The task. With the images removed, return every line below exactly as it reads.

Given data.
_ _ _

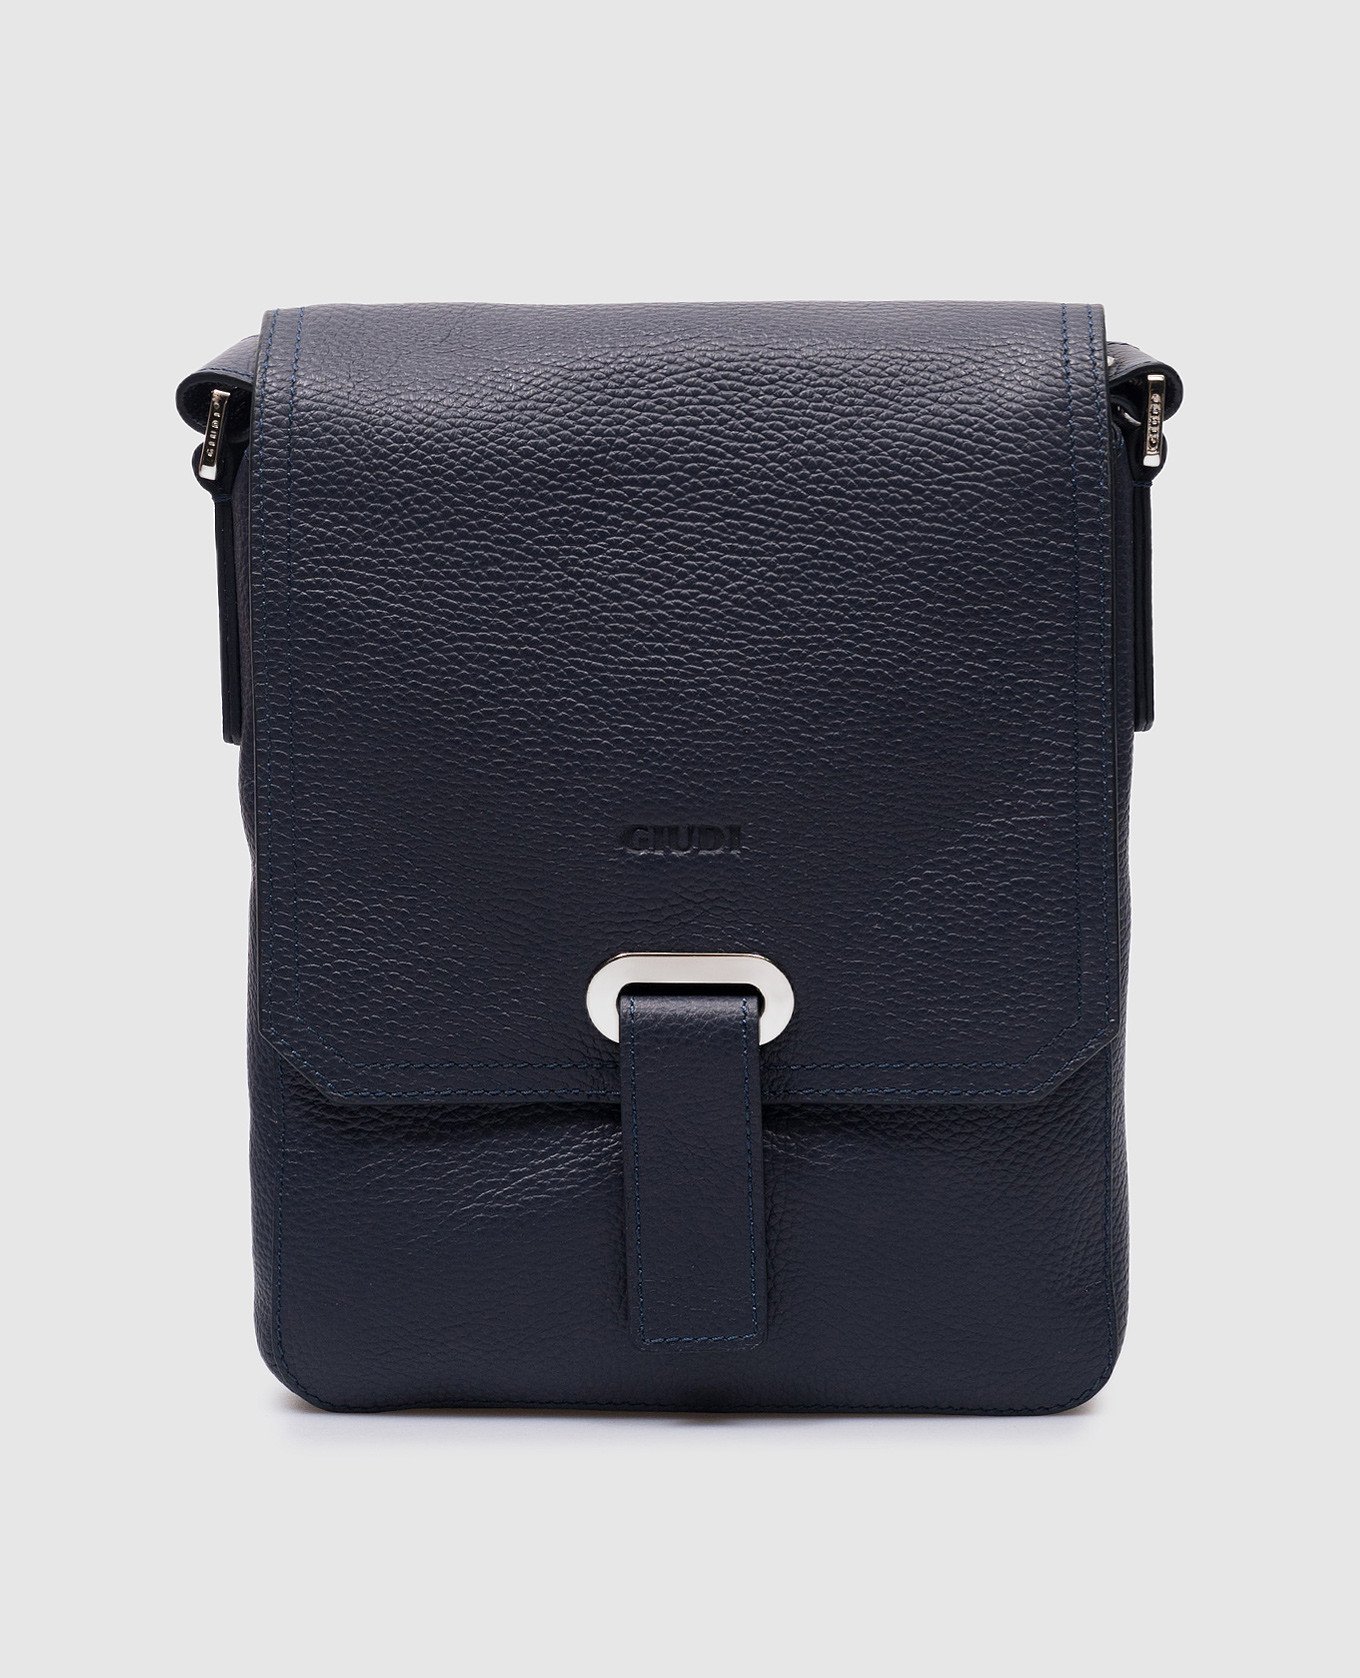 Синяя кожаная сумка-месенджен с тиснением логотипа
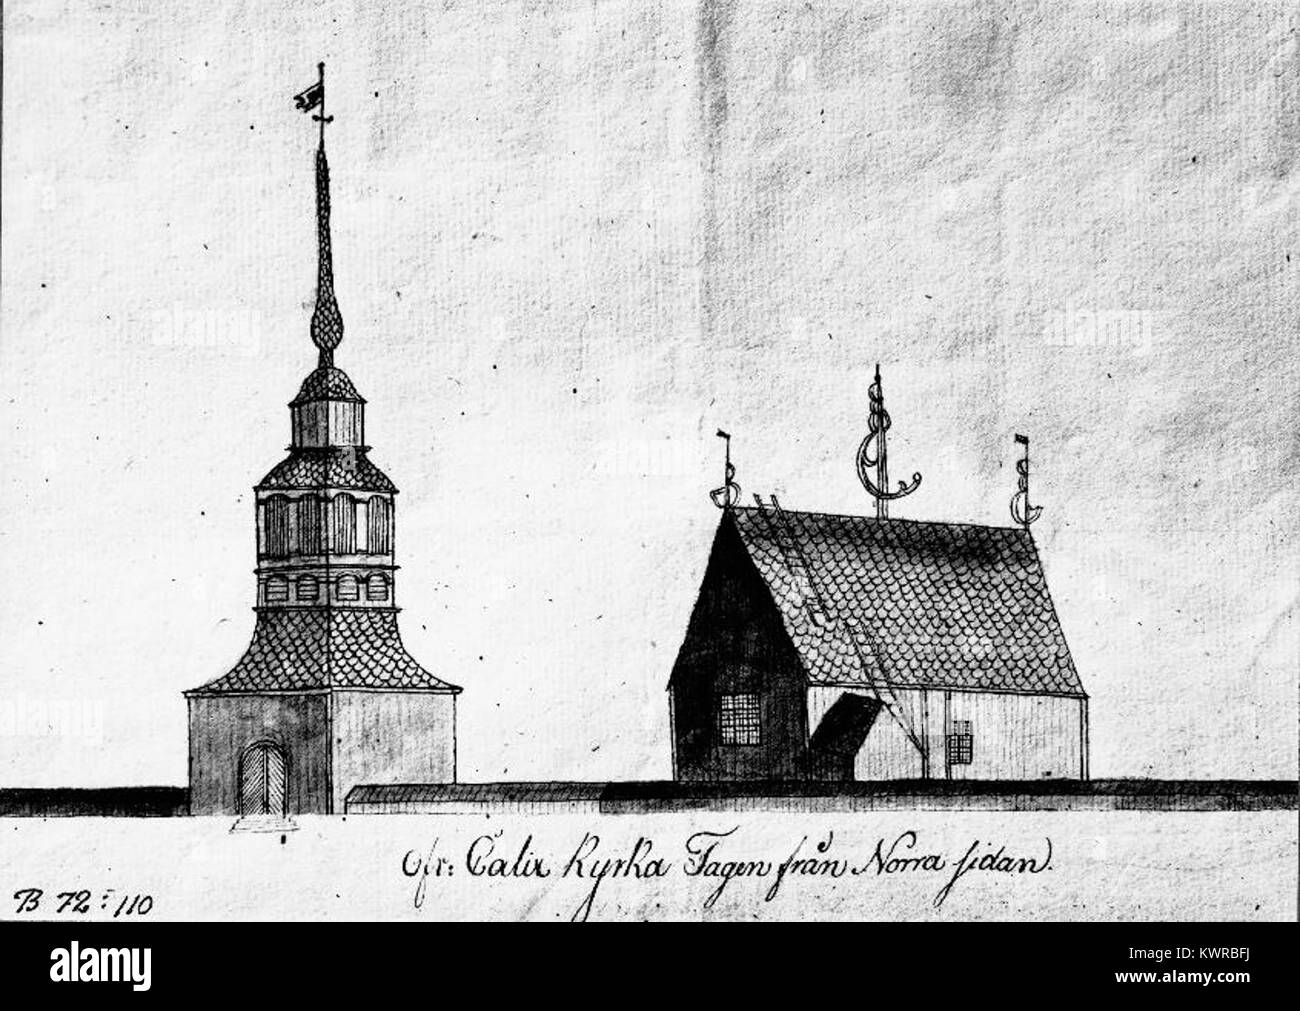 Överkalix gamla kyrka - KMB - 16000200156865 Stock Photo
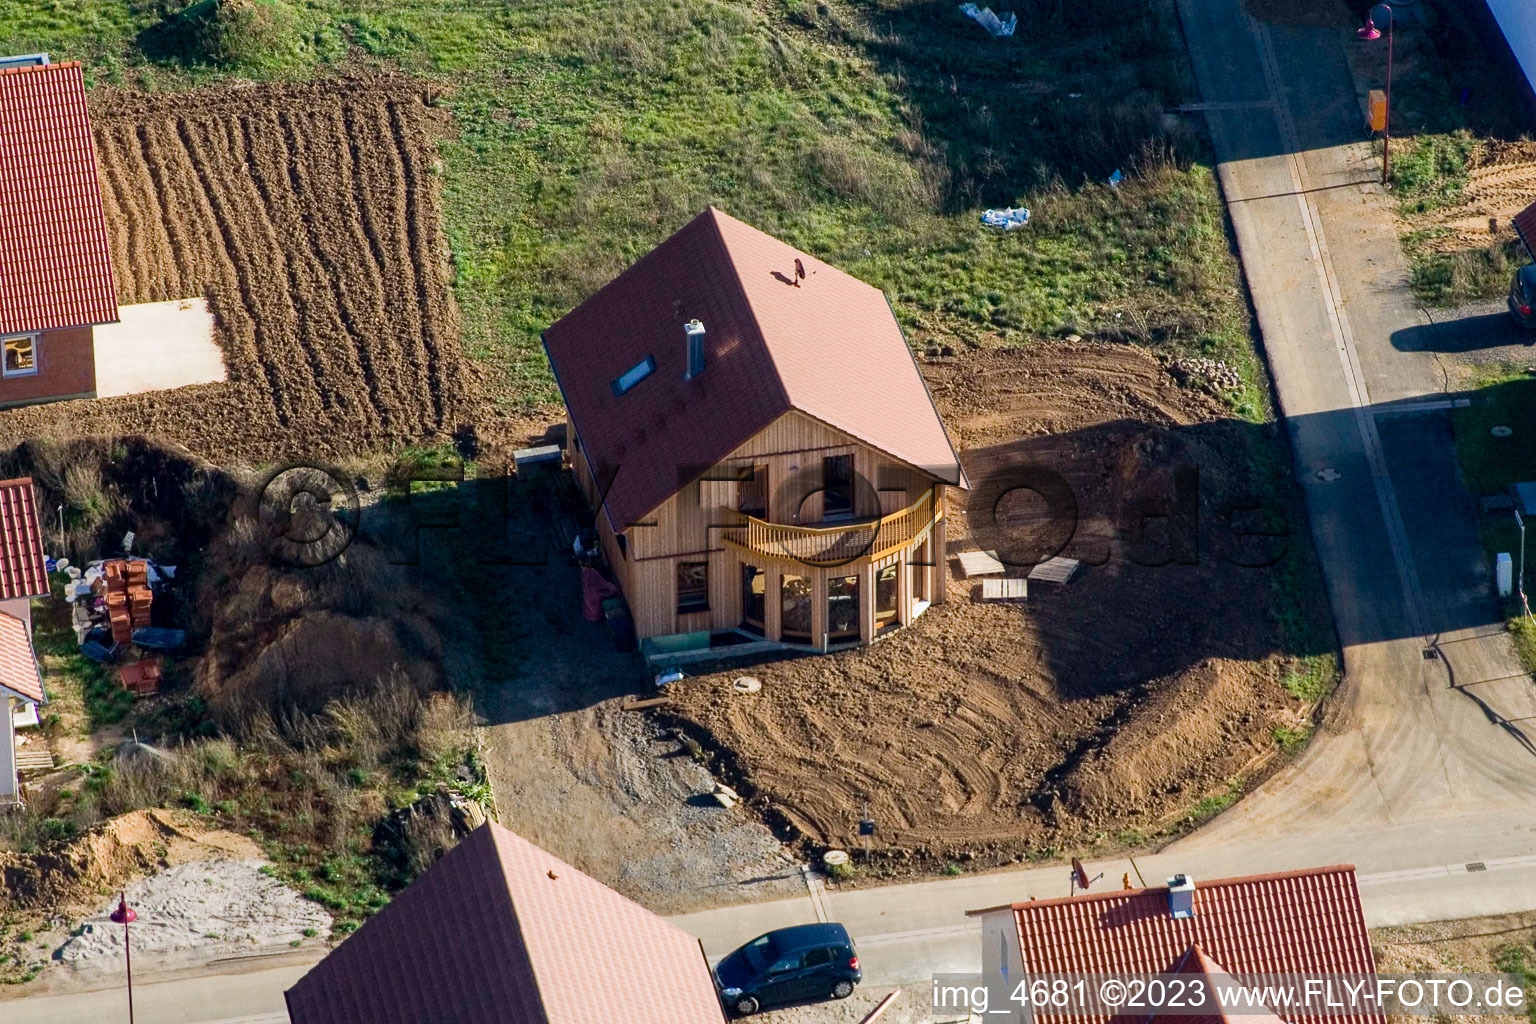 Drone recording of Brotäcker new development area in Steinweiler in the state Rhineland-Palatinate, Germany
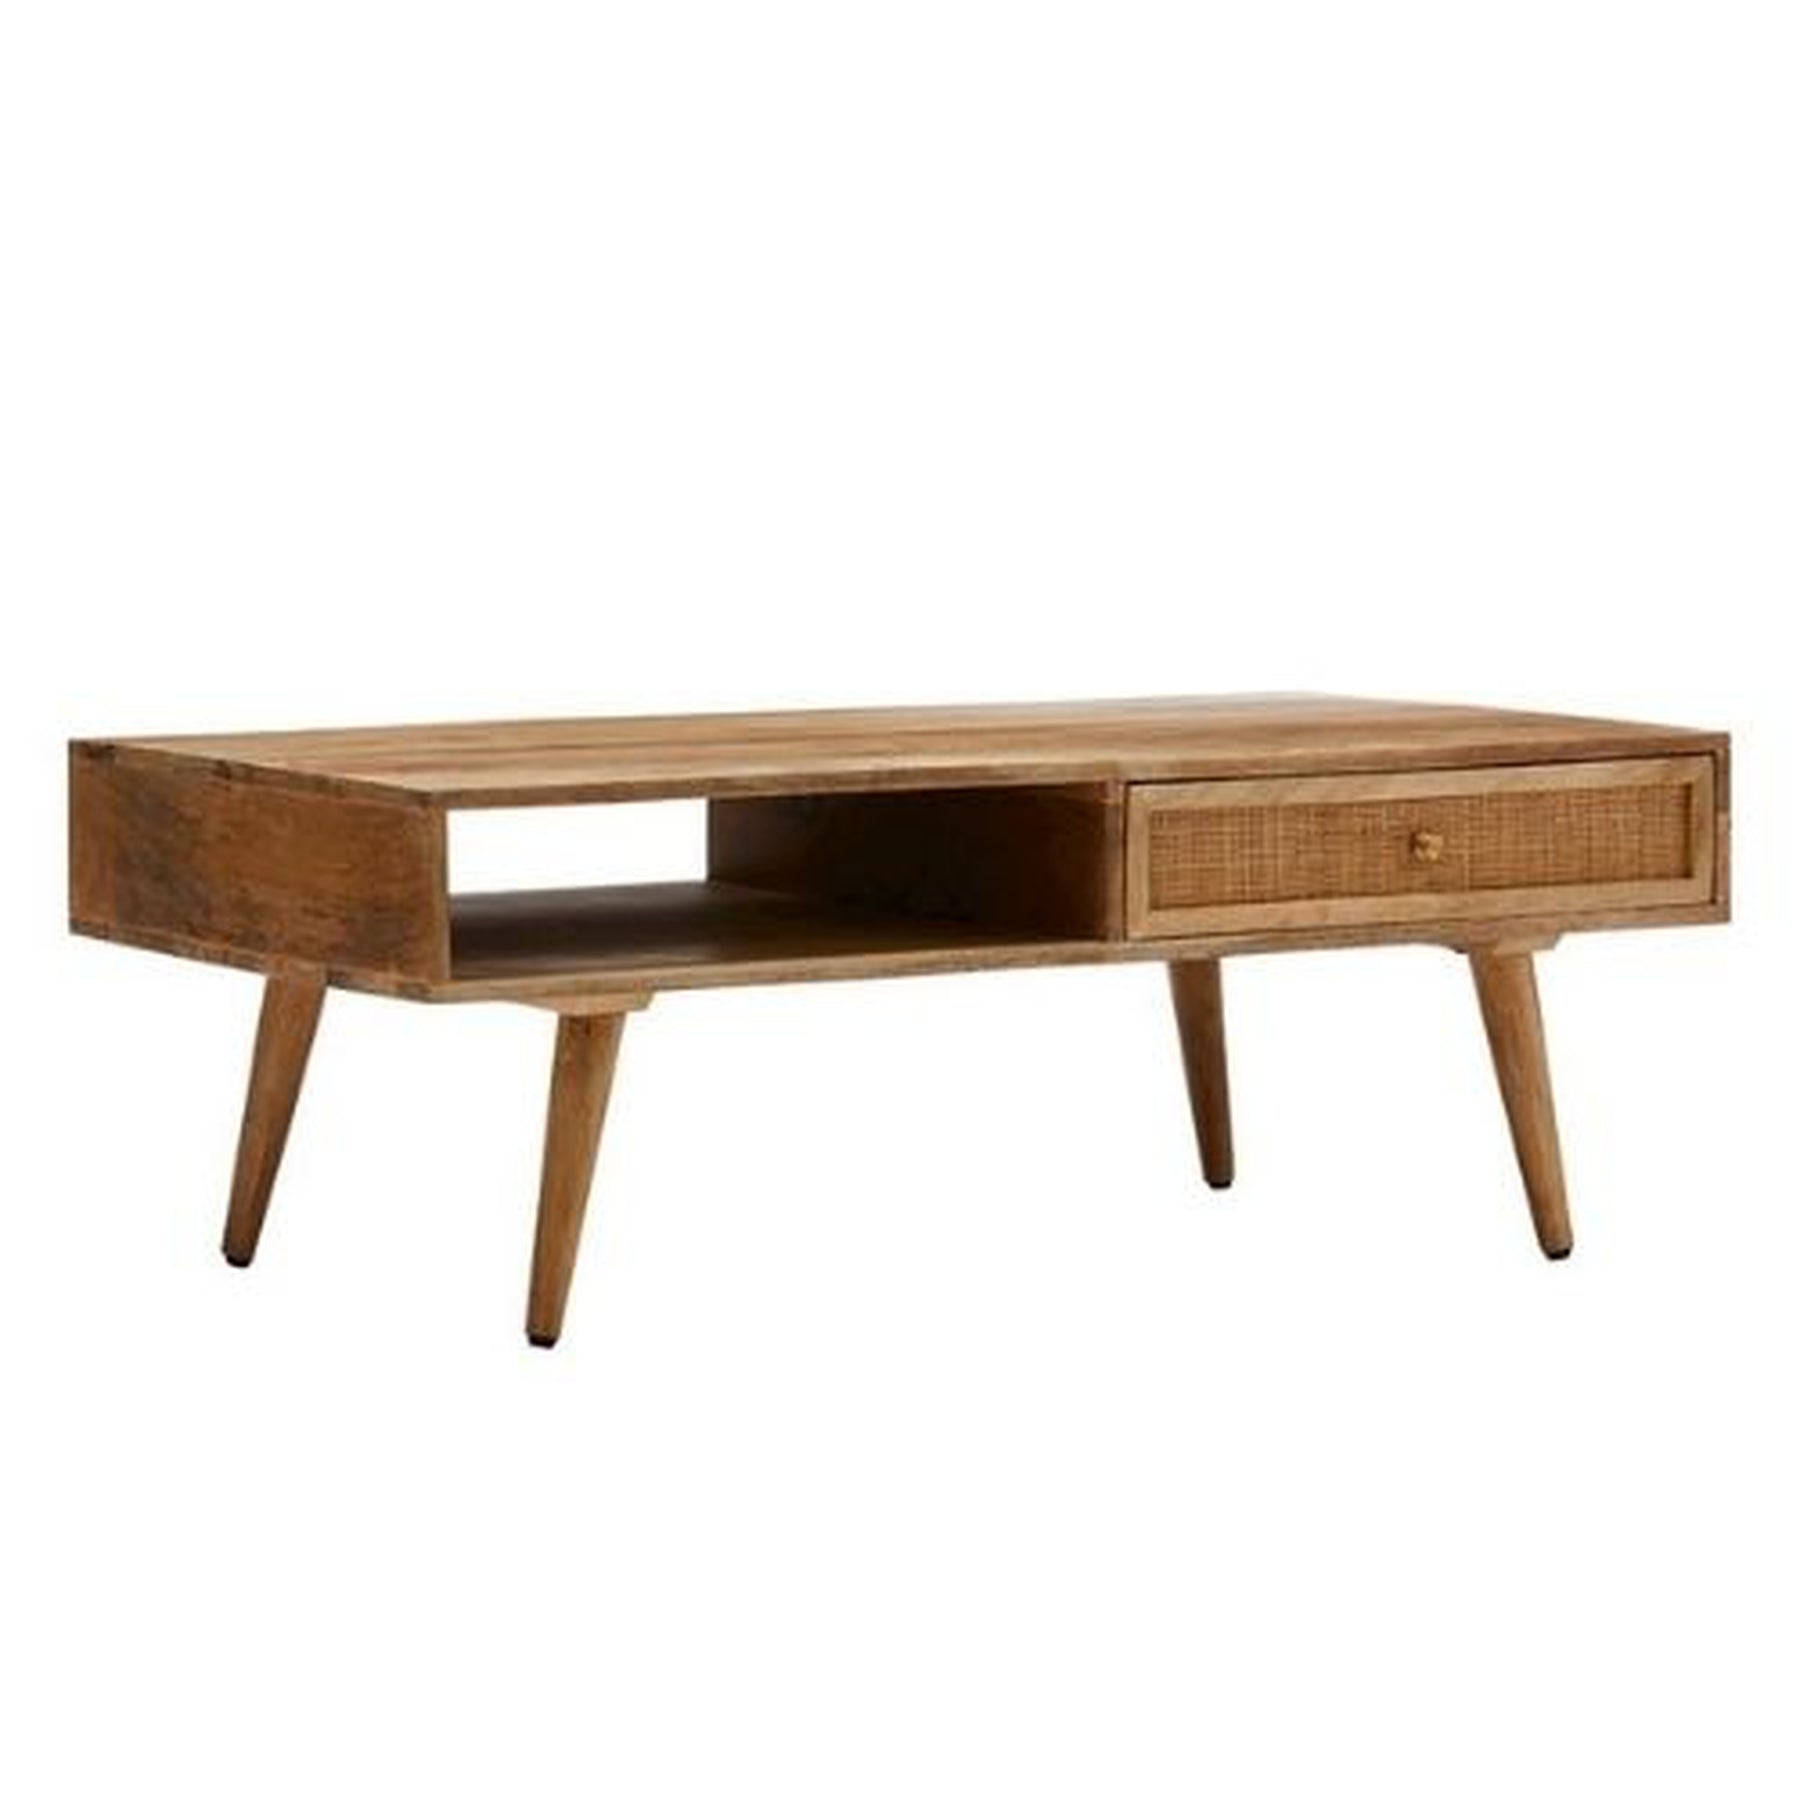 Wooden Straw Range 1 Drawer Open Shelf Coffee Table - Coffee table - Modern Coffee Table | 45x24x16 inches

_ _ _

Completed exercise.
 Синяя кожаная сумка-месенджен с тиснением логотипа
 Överkalix gamla kyrka - KMB - 16000200156865 Stock Photo
 Drone recording of Brotäcker new development area in Steinweiler in the state Rhineland-Palatinate, Germany
 Wooden Straw Range 1 Drawer Open Shelf Coffee Table - Coffee table - Modern Coffee Table | 45x24x16 inches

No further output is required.